Diagonalizability of non homogeneous quantum Markov states and associated von Neumann algebras

TL;DR

This paper demonstrates that all non-homogeneous quantum Markov states are diagonalizable via maximal Abelian subalgebras and characterizes the von Neumann algebra types generated by these states.

Contribution

It proves the diagonalizability of non-homogeneous quantum Markov states and characterizes the associated von Neumann algebra types.

Findings

Every non-homogeneous quantum Markov state is diagonalizable.

Existence of a maximal Abelian subalgebra and a Markov measure representing the state.

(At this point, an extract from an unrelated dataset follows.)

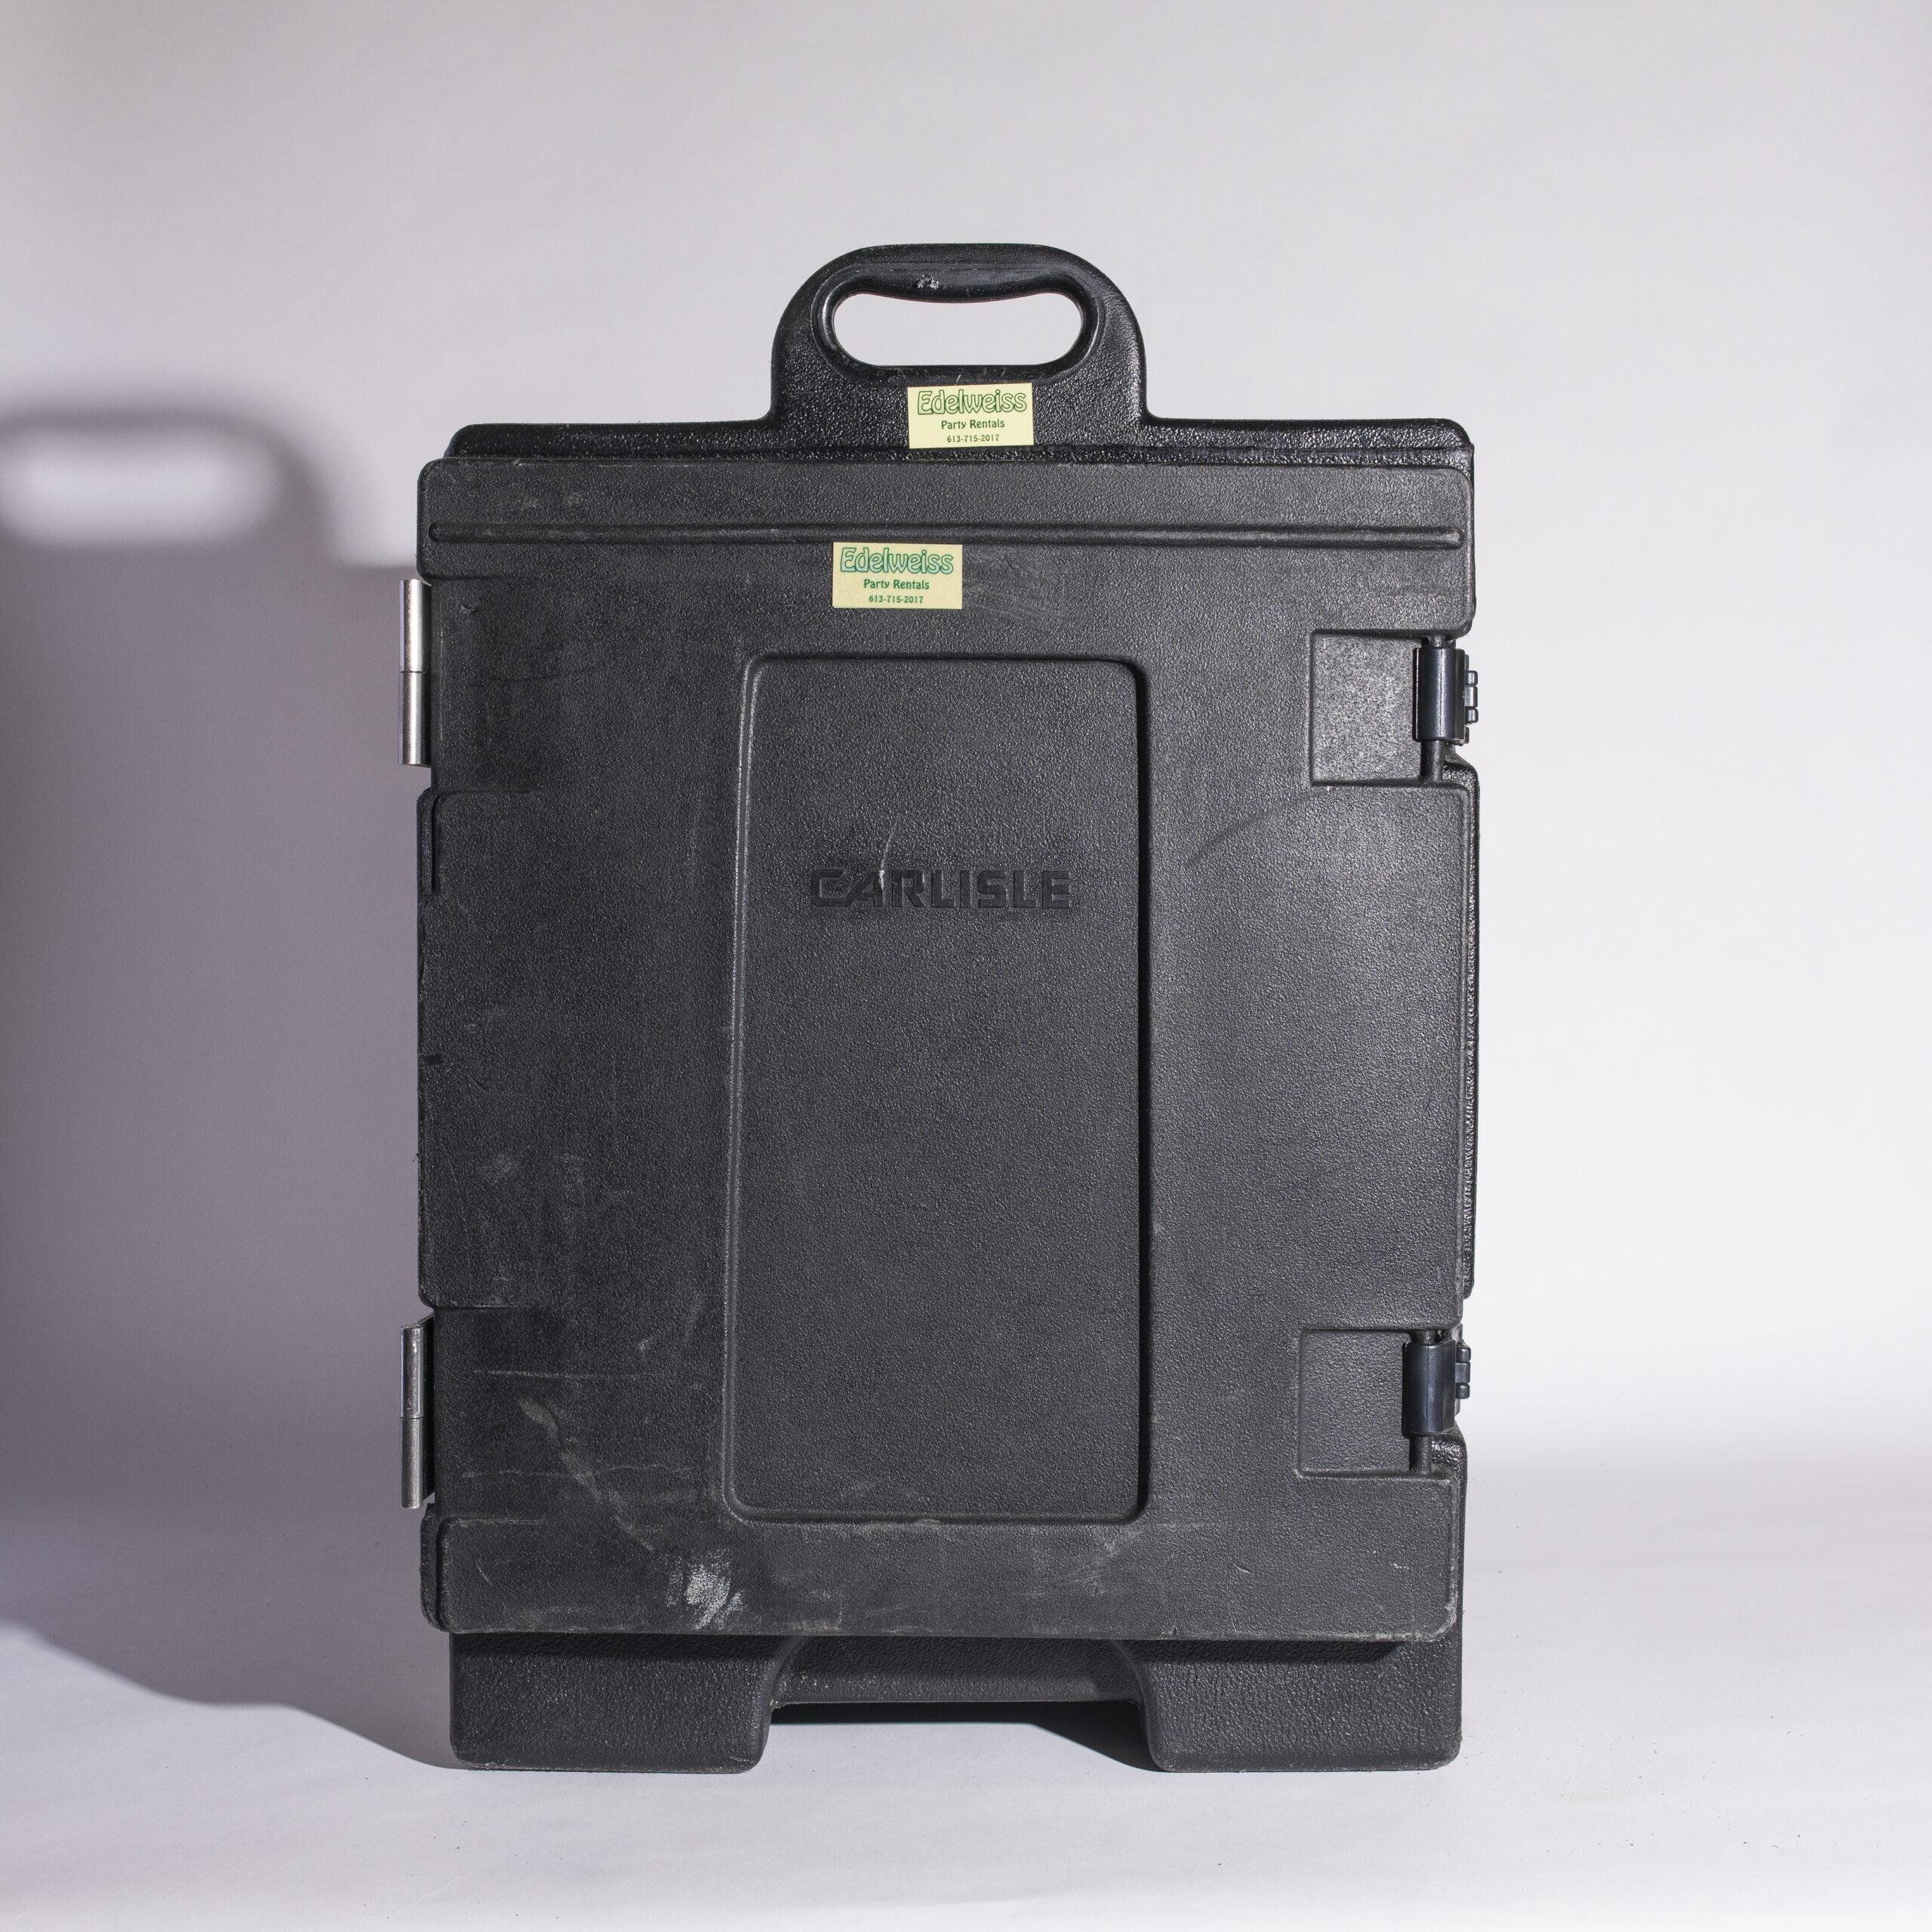 Hot box (half size, plastic)
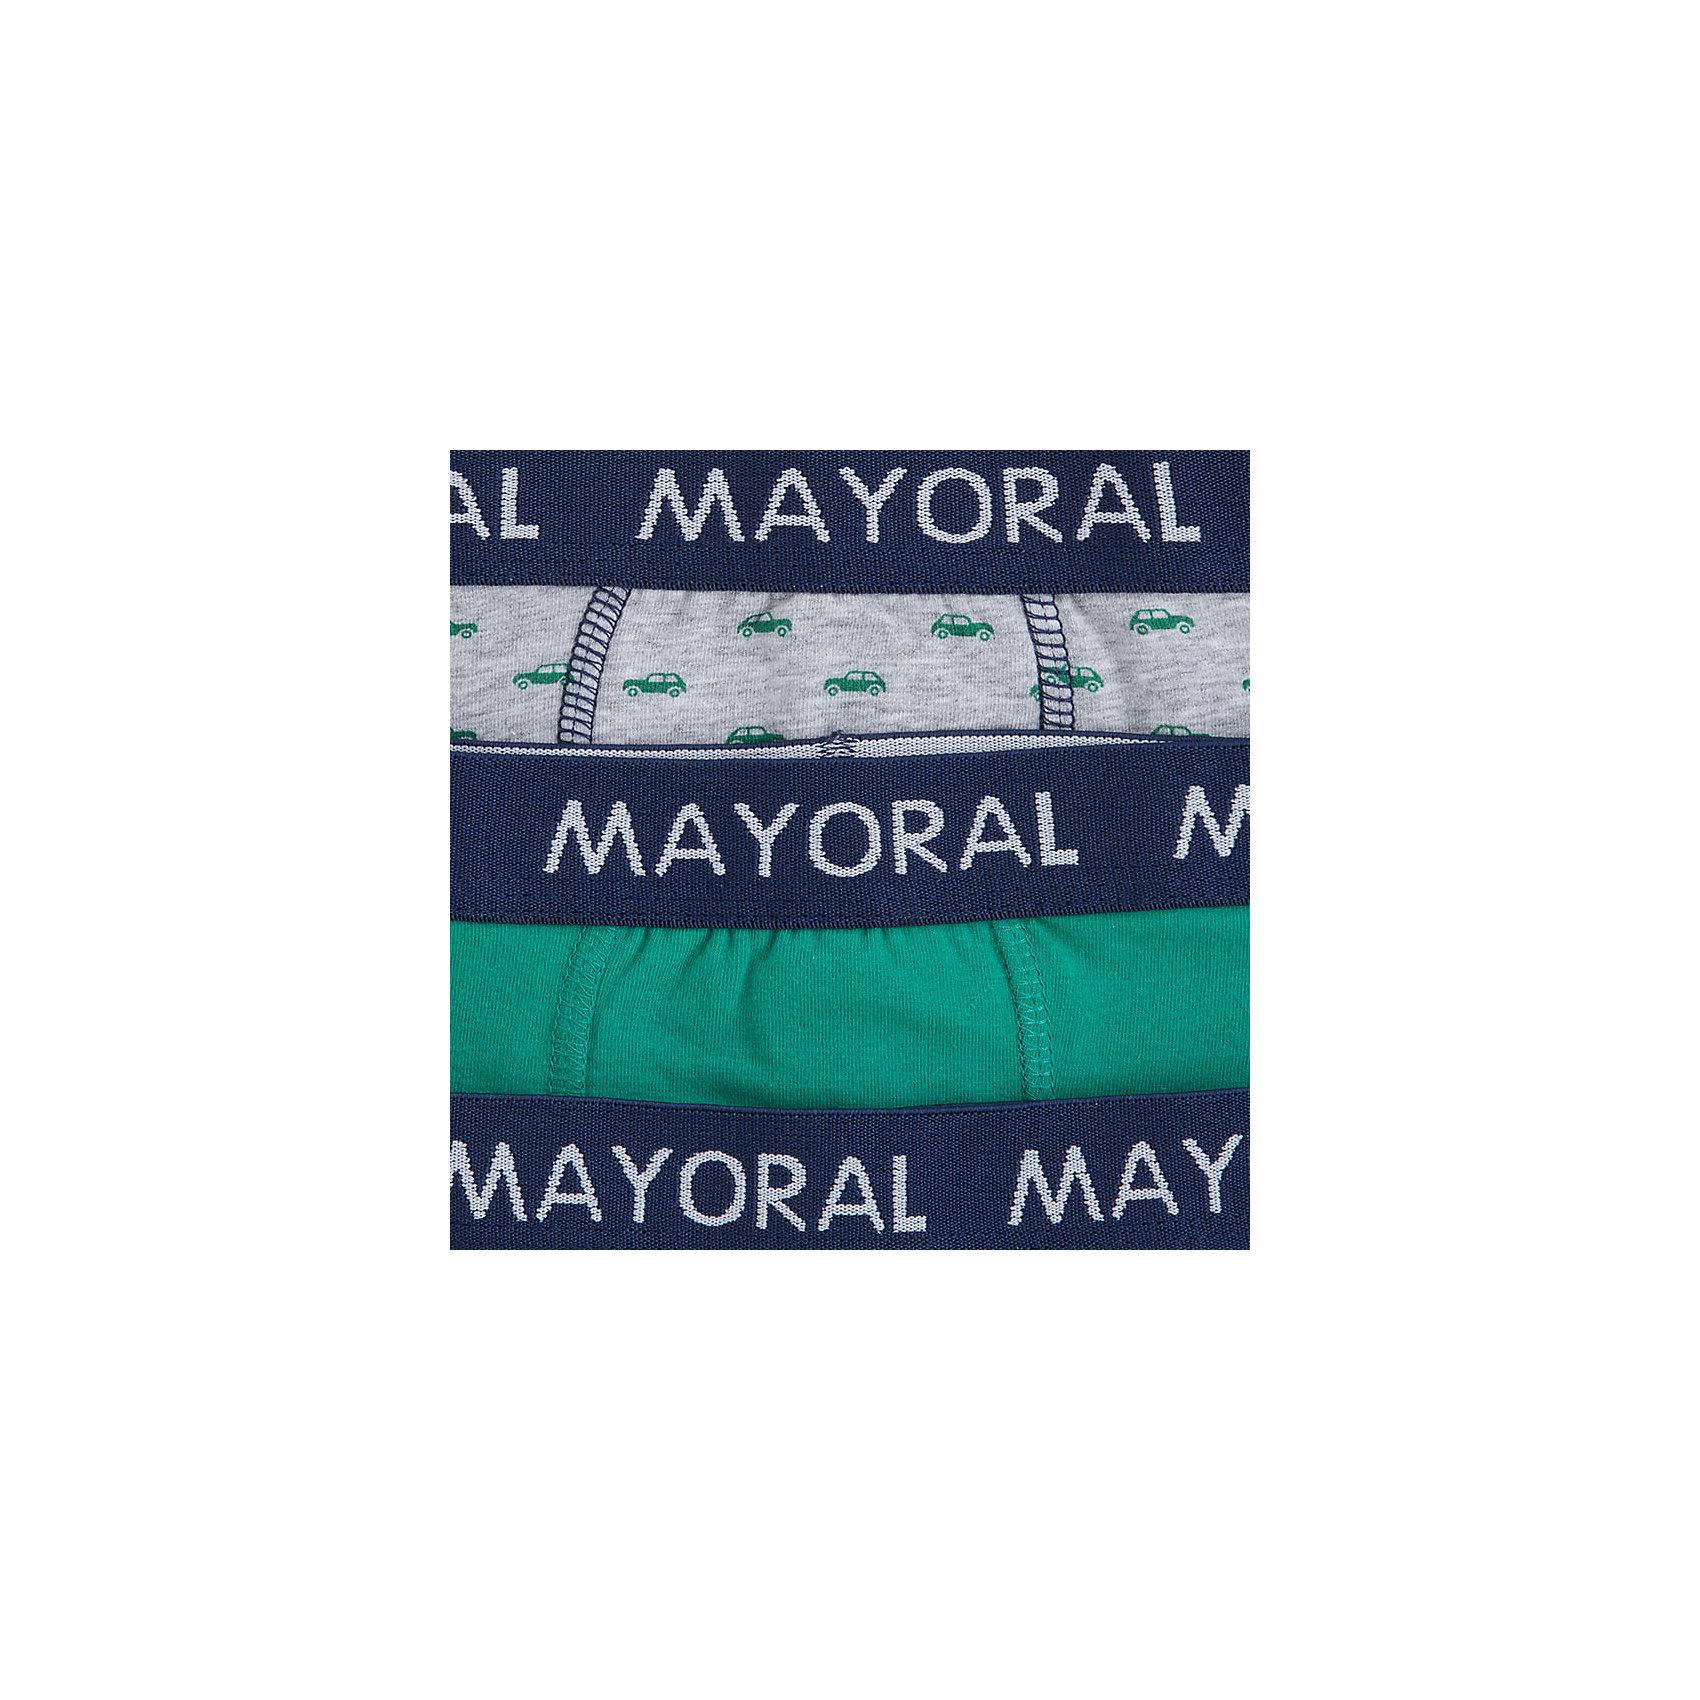 ��������: 2 ���� ������ ��� �������� Mayoral

Determination of the von Neumann algebra type for translation invariant or periodic states.

Abstract

We clarify the meaning of diagonalizability of quantum Markov states. Then, we prove that each non homogeneous quantum Markov state is diagonalizable. Namely, for each Markov state $\phi$ on the spin algebra $A:={\bar{\otimes_{j\in Z}M_{d_{j}}}^{C^{*}}}$ there exists a suitable maximal Abelian subalgebra $D\subset A$, a Umegaki conditional expectation $E:A\mapsto D$ and a Markov measure $\mu$ on $spec(D)$ such that $\phi=\phi_{\mu}\circ E$, the Markov state $\phi_{\mu}$, being the state on $D$ arising from the measure $\mu$. An analogous result is true for non homogeneous quantum processes based on the forward or the backward chain. Besides, we determine the type of the von Neumann factors generated by GNS representation associated with translation invariant or periodic quantum Markov states.